4.3 Tugas yang Dikerjakan Selama PKPA
4.3.1 Skrinning Resep
Tugas skrinning resep dilakukan mulai minggu ke-2, setiap mahasiswa mengerjakan 2
resep setiap minggu. Tugas skrinning resep dilakukan dengan menganalisa resep dari 3 aspek
yaitu aspek administrative, farmasetik, dan klinis menggunakan lembar DTSR IAI + PMR.

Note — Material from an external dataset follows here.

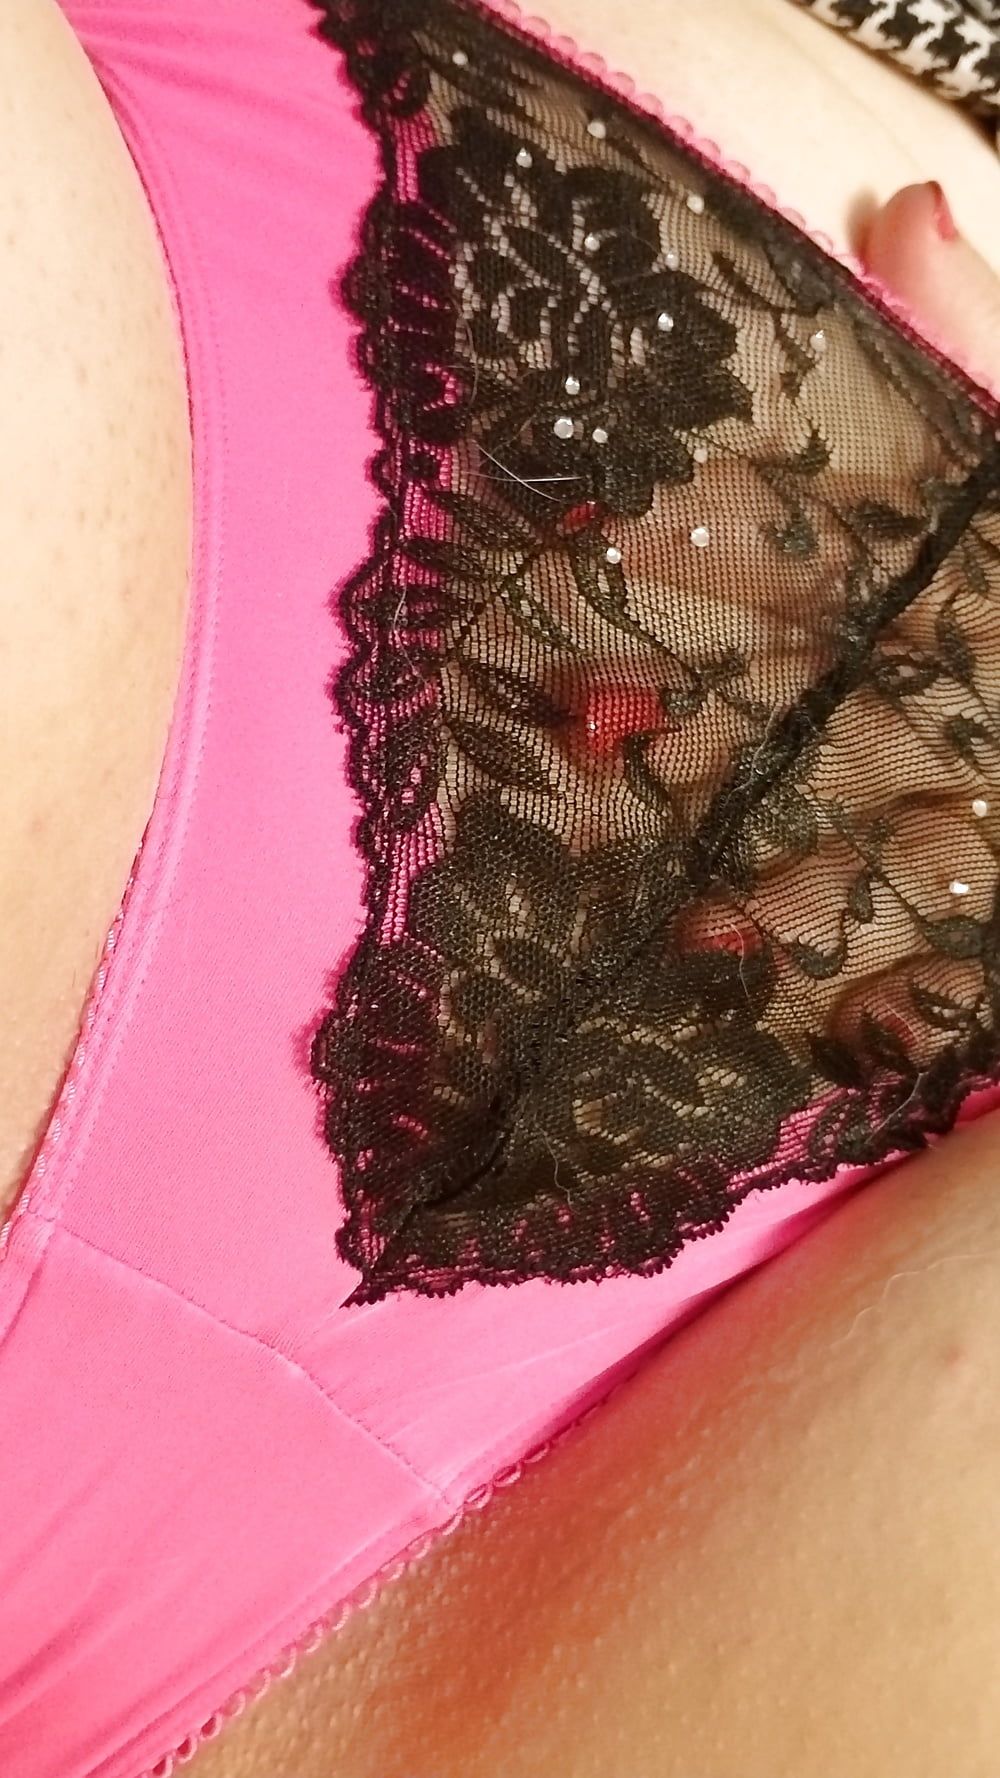 Pantie and ass photos will be added to over time milf wife #9

Skrinning administrative meliputi inscription (identitas dokter, tempat, tanggak penulisan
resep, tanda R/), prescription (nama obat, bentuk sediaan, kekuatan obat, jumlah obat),
signatura (aturan minum obat dan identitas pasien), dan subcriptio (garis penutup resep, tanda
tangan / paraf dokter ). Skrinning meliputi kesesuaian bentuk sediaan, kekuatan, stabilitas, dan
kompatibilitas. Skrining klinis meliputi pertimbangan klinis (komposisi, indikasi, mekanisme,
dosis, waktu pemberian obat, interaksi, kontraindikasi, efek samping, DRP), perhitungan dosis,
dan aturan minum obat yang benar (aturan pakai, cara pakai, lama pemberian). Tugas skrining
resep yang telah dikerjakan dapat dilihat pada Lampiran ???